■ EXERCISE DESCRIPTION:
Would you write out each line of the material below exactly, skipping every picture?

--- GIVEN MATERIAL ---

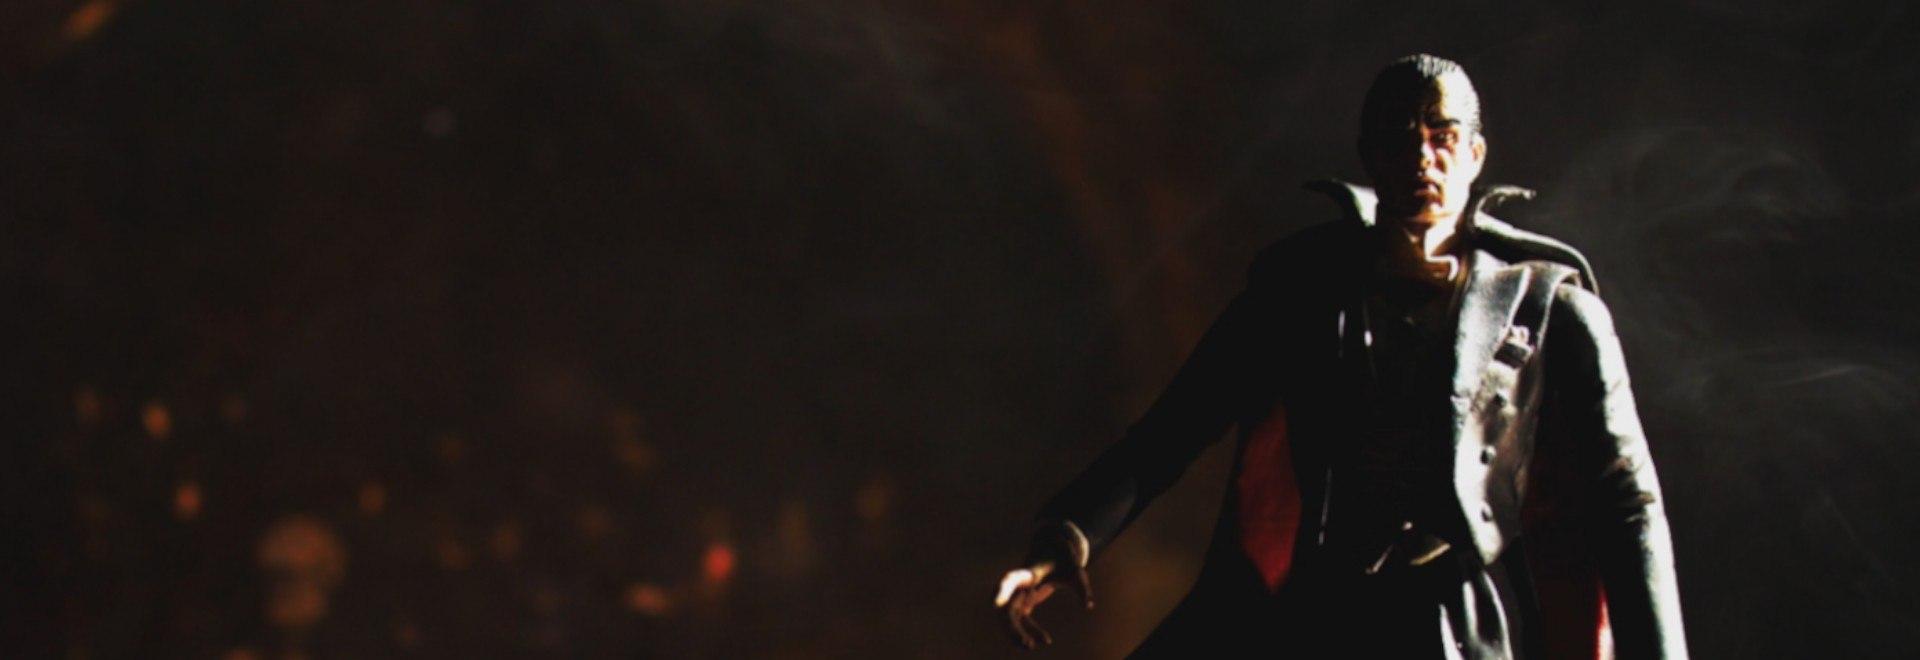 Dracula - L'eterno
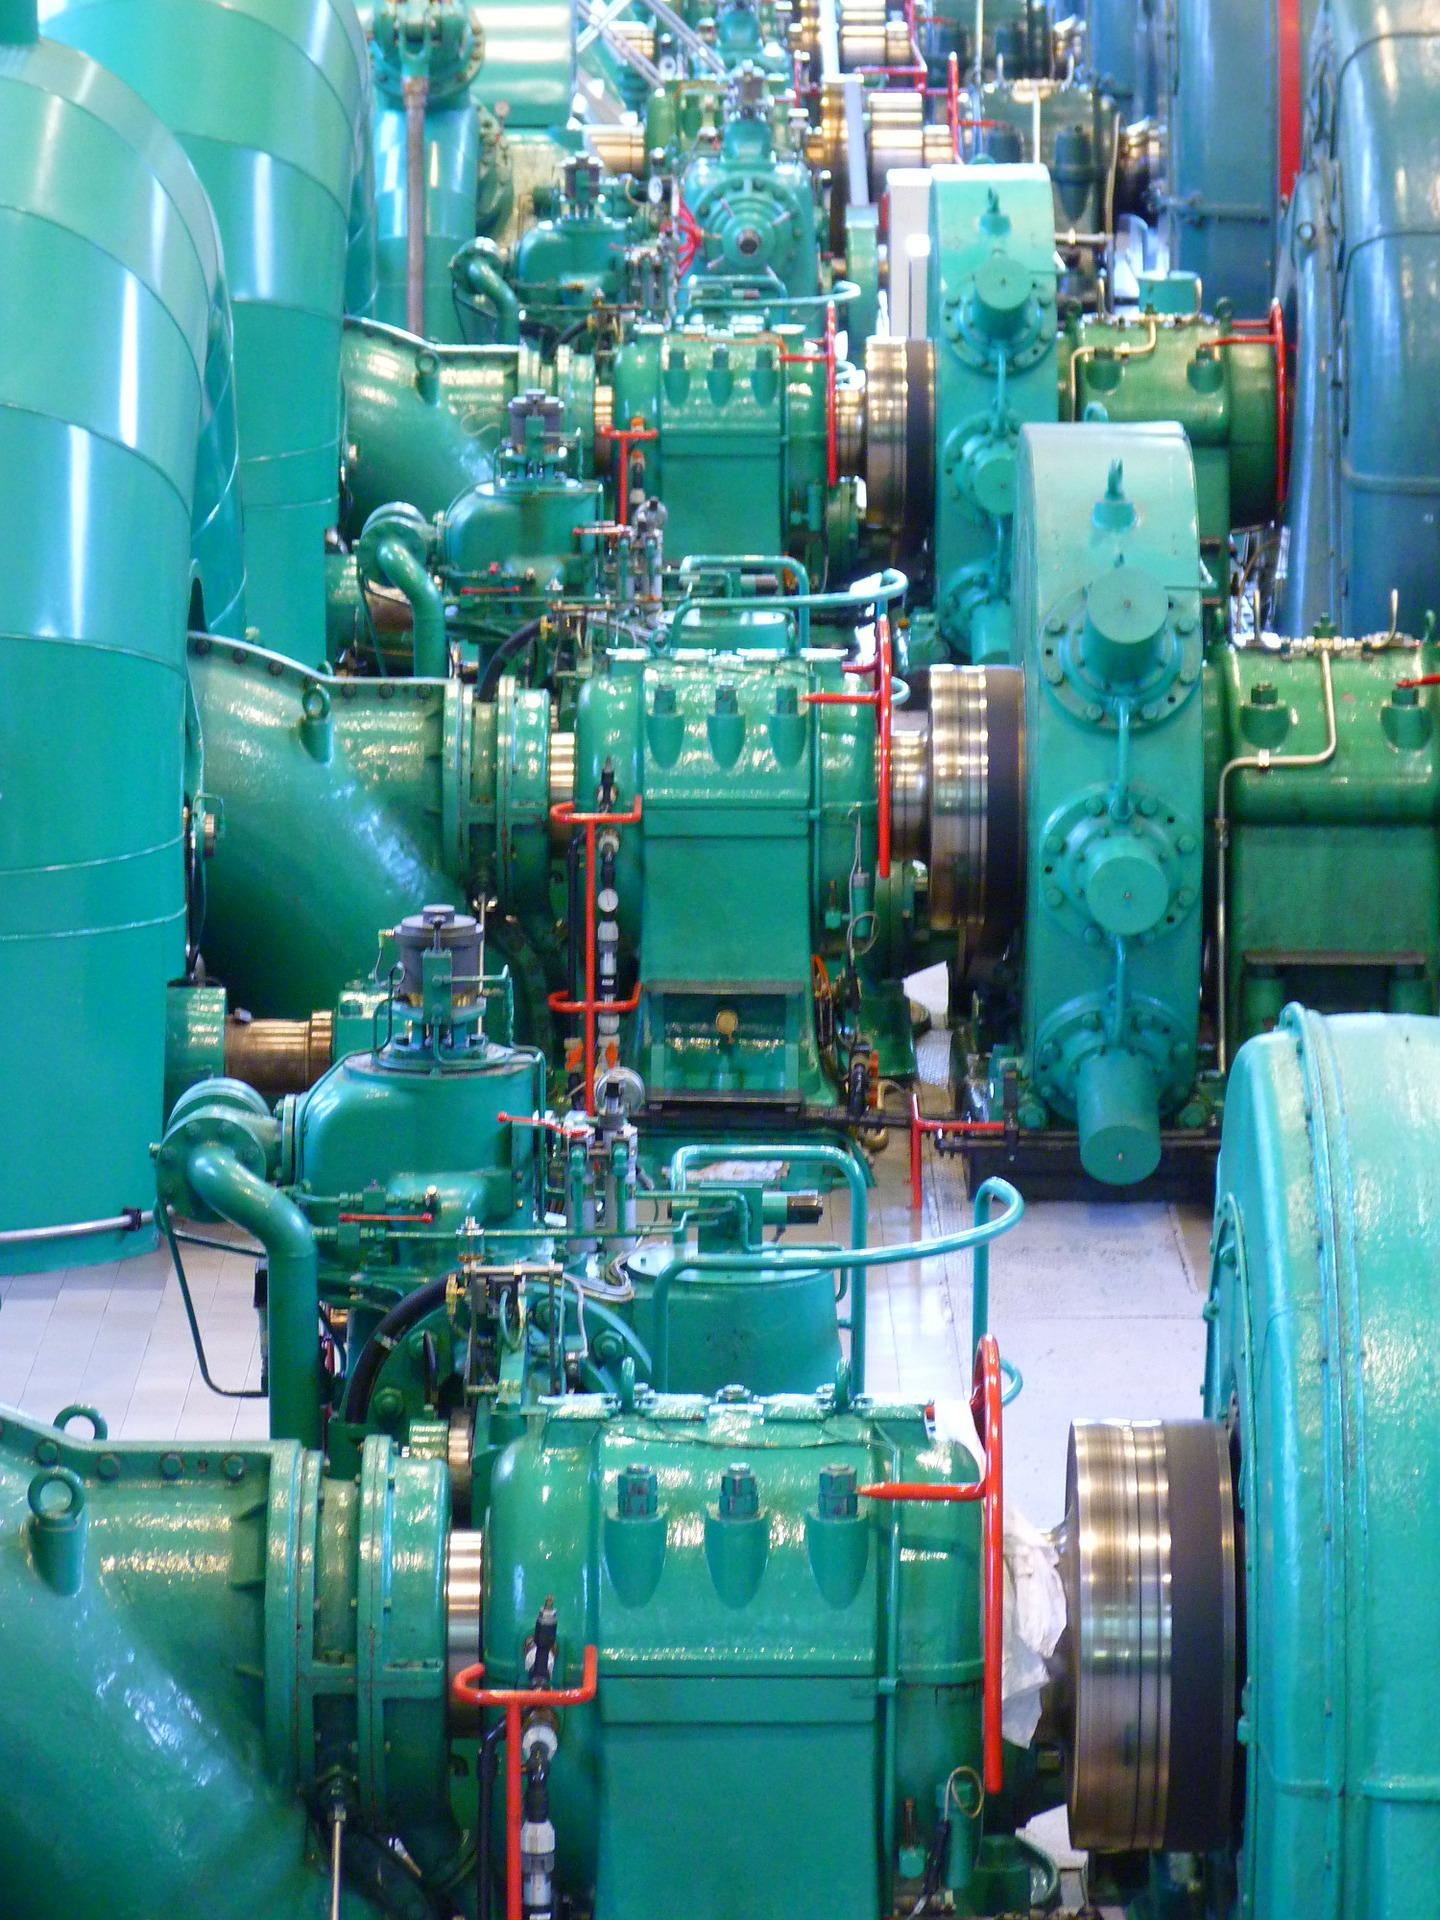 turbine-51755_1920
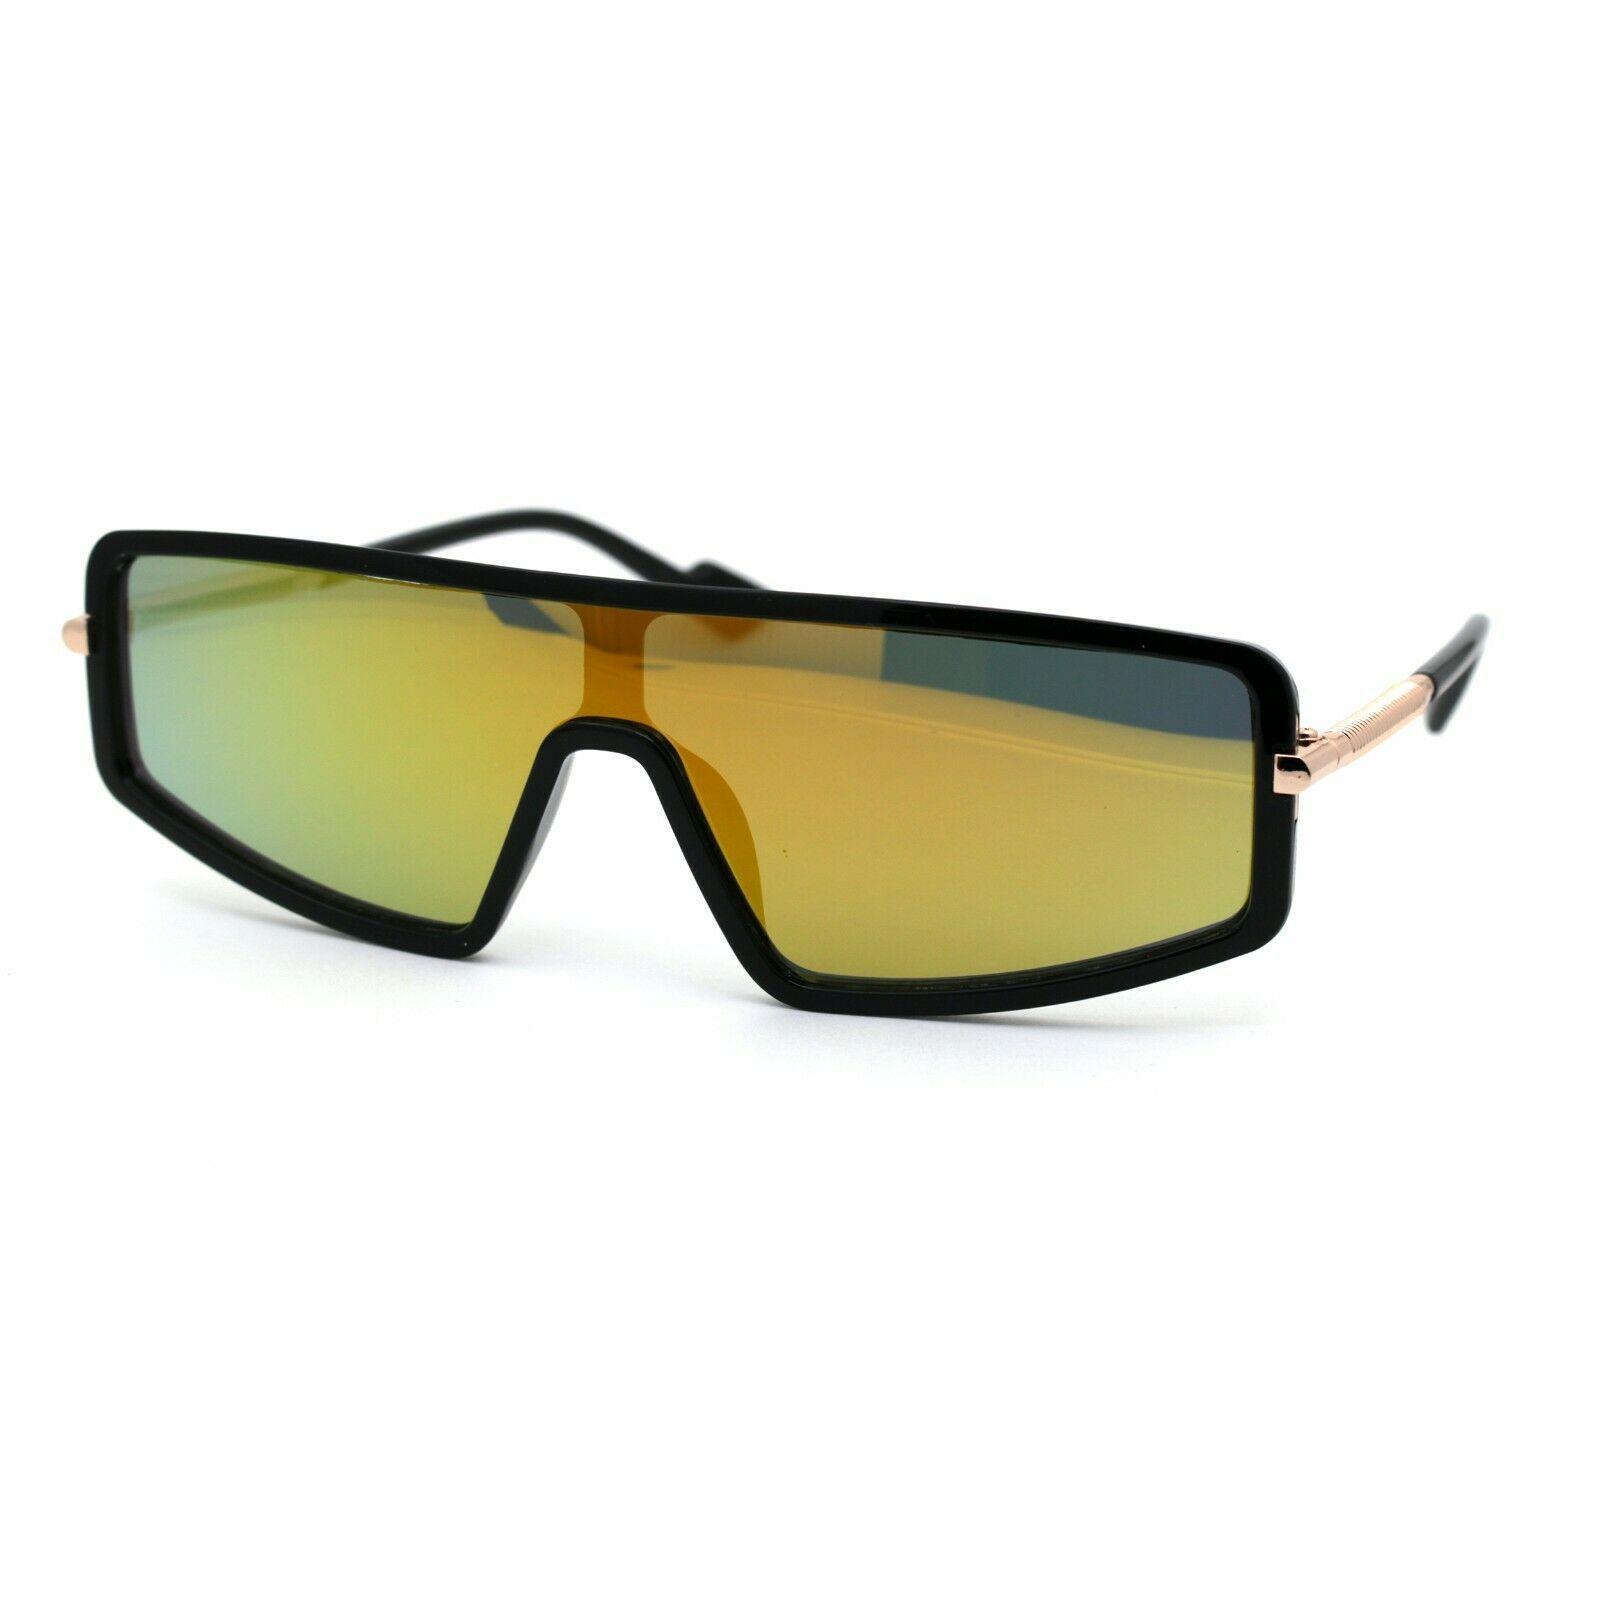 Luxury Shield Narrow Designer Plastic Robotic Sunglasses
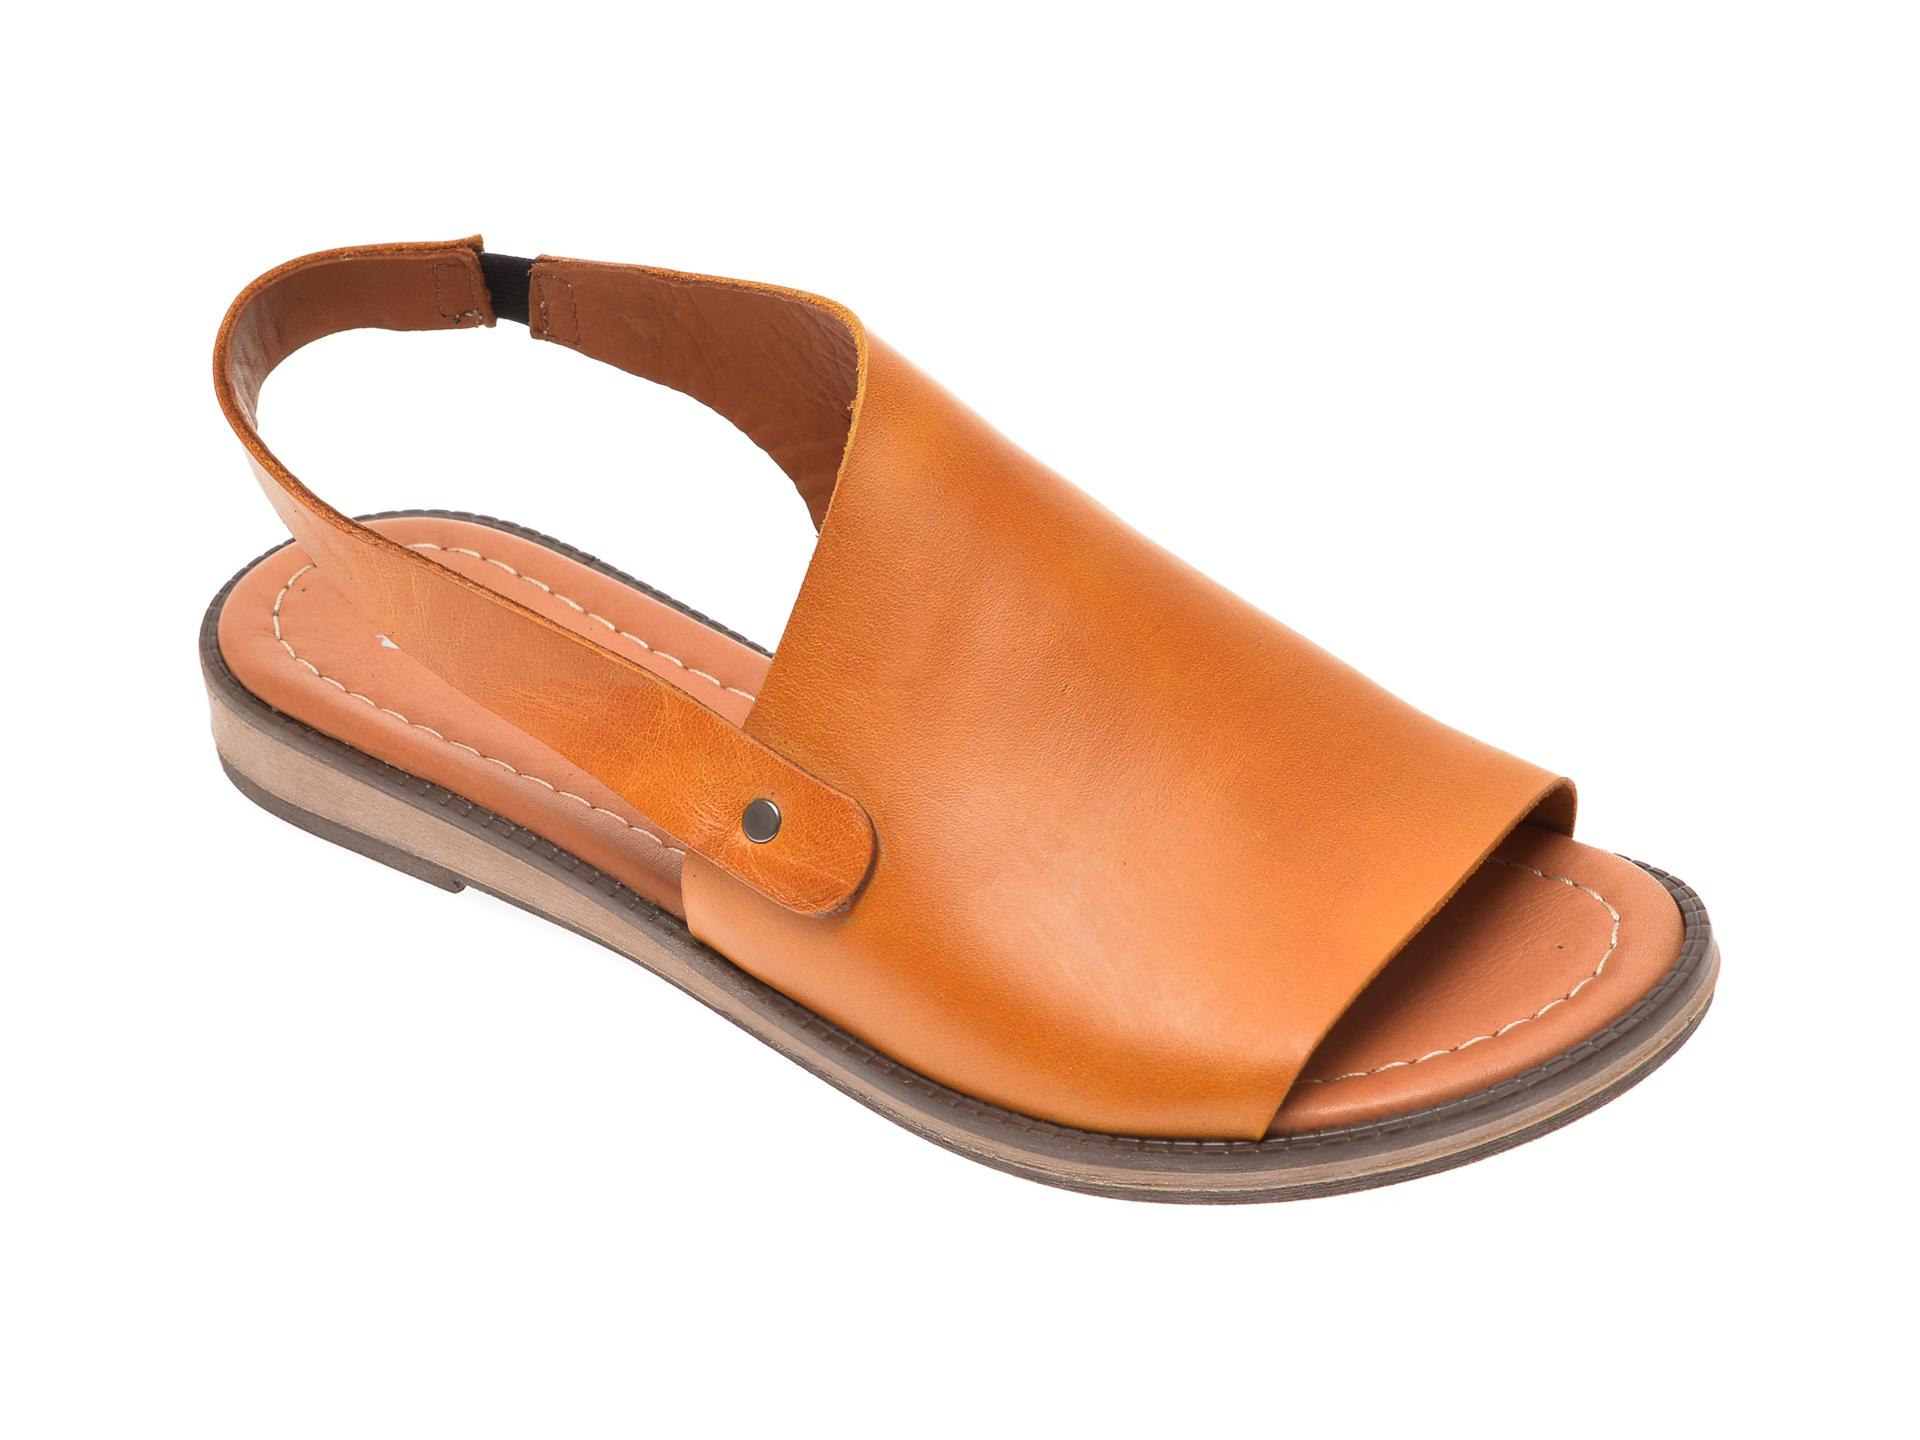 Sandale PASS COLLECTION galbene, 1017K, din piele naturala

---

■ RESULT OF THIS TASK:
 Dracula - L'eterno
 turbine-51755_1920
 Luxury Shield Narrow Designer Plastic Robotic Sunglasses
 Sandale PASS COLLECTION galbene, 1017K, din piele naturala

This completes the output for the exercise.